Google Auth Redirect to Inaccessible 127.0.0.1:9099 After Running firebase emulators:start

Hello everyone,

I’ve started my app using the prototyping and add some of Firebase’s products like Firestore, Authentication, Hosting, Apphosting, and Analytics. That worked fine but I saw that it adds the firebase config object directly to my code and through the preview I got auth/popup-closed-by-user (which later I understand that it’s a common issue). so I’ve removed the config from my code and use .env file for that. Then I’ve understand that there are 2 env variable that automatically configured - FIREBASE_WEBAPP_CONFIG and FIREBASE_CONFIG. so I’ve created another env variable when working locally to conditionally pass the firebaseConfig to the initializeApp. This way I was able to work on my project even completely locally (on my local machine without firebase studio).

Something went wrong with the workspace in the process, and after a lot of try and error I’ve run firebase emulators:start in the terminal on firebase studio and now nothing works. It seems that the port that I’ve tried to use was already in use and I couldn’t stopped them because I’m working on the Firebase Studio (which probably don’t have the right permissions). when I’m trying to login with google even on the preview window I’m being redirected to the http://127.0.0.1:9099/emulator/auth/.. which is not working - refuse to connect.

I’ve tried to restart the workspace, clone to another workspace and even created a new firebase project (but when cloning existing repo I can’t use the prototyping feature).

Is there any example of using Firebase Authentication with React & Next with SSR? should I add the firebase config to my source code? can I reset the firebase studio completely?

btw, I can’t see the auth & firebase sections under the publish drawer (but I see it in my other projects).

Hello! This is a super frustrating issue, and your detailed log is incredibly helpful for diagnosing it.

I see your main suspicion is the cloud environment’s routing layer, but I think the real clue is inside your terminal log.

This combination is the key:

Bash

 ✓ Ready in 7.5s
 ...
 GET / 404 in 20402ms
 ○ Compiling /_not-found ...

This is actually great news! It means the cloud environment’s proxy is working perfectly. The request is getting to your Next.js application.

The log line GET / 404 in 20402ms is being generated by the Next.js dev server itself. It’s not a 404 from the environment’s proxy (which would be much faster and wouldn’t show up in the npm run dev log).

The 20402ms (20 seconds!) is also a huge clue. It shows that Next.js received the request and then spent a long time trying to find or compile a page for it, failed, and then finally compiled the /_not-found page to serve the 404.

So, we just need to figure out why Next.js itself can’t find your root (/) page.

Here are the most likely causes:


1. Middleware (The i18next Clue)

This is the most likely culprit, especially since I see i18next: languageChanged es and /src/middleware compiling in your logs.

Internationalization (i18n) middleware is a common source of this exact 404 error. Your middleware.ts file is likely intercepting the / request and trying to redirect or rewrite it to a language-specific path, like /es or /en.

If you don’t have a page at that new path (e.g., src/app/[lng]/page.tsx), Next.js will return a 404.

How to Test This:

  1. Stop your dev server.

  2. Go into your src/middleware.ts file and comment out everything except a basic return NextResponse.next().

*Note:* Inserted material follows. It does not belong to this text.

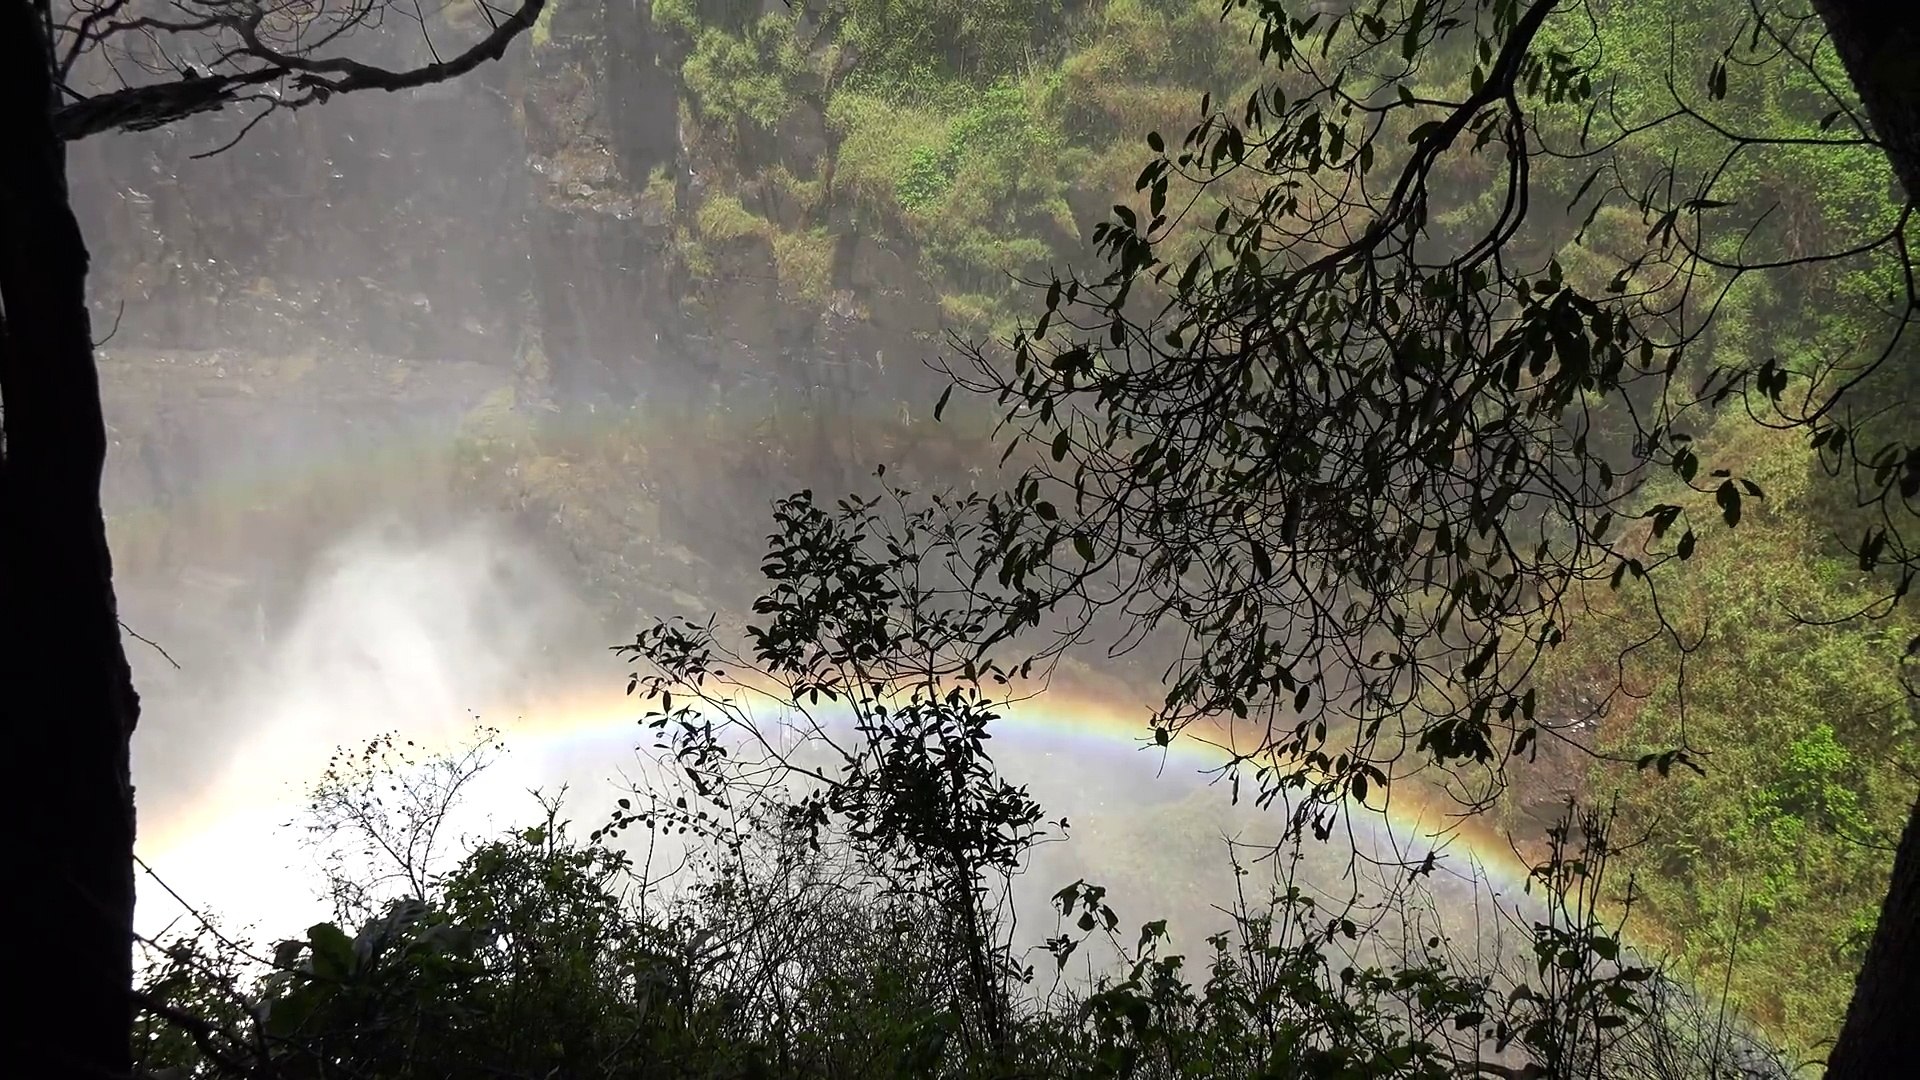 Victoria Falls, Zambia & Zimbabwe in 4K Ultra HD

  3. Restart the dev server with npm run dev.

If your app now loads, you’ve confirmed the middleware is the problem. You’ll need to check your i18next configuration to ensure it’s correctly handling the default locale or that the [lng] routes exist.


2. Missing Root Page (app/page.tsx)

This is the second most common reason. The GET / request means the browser is asking for your homepage.

  • App Router: Do you have a src/app/page.tsx file? (Or app/page.tsx if you’re not using the src directory).

  • Pages Router: (Less likely on Next 14, but possible) Do you have a src/pages/index.tsx file?

If this file is missing, Next.js has nothing to serve for the / route and will correctly return a 404.


3. Corrupted Dev Server Cache

Sometimes, the Next.js dev server just gets into a bad state. The fix is to “nuke” the cache and restart.

  1. Stop the dev server (Ctrl+C).

  2. Delete the .next folder from your project:

    Bash

    rm -rf .next
    
    
  3. Restart the server:

    Bash

    npm run dev
    
    

This forces Next.js to rebuild everything from scratch and often clears up strange routing issues.

Summary

This doesn’t appear to be a cloud environment or proxy issue. The log GET / 404 proves your Next.js app is receiving the traffic.

The problem is most likely one of these:

  1. Your middleware.ts (for i18next) is rewriting the URL to a route that doesn’t have a page.

  2. A missing src/app/page.tsx file.

I would start by checking the middleware. Let us know if that works!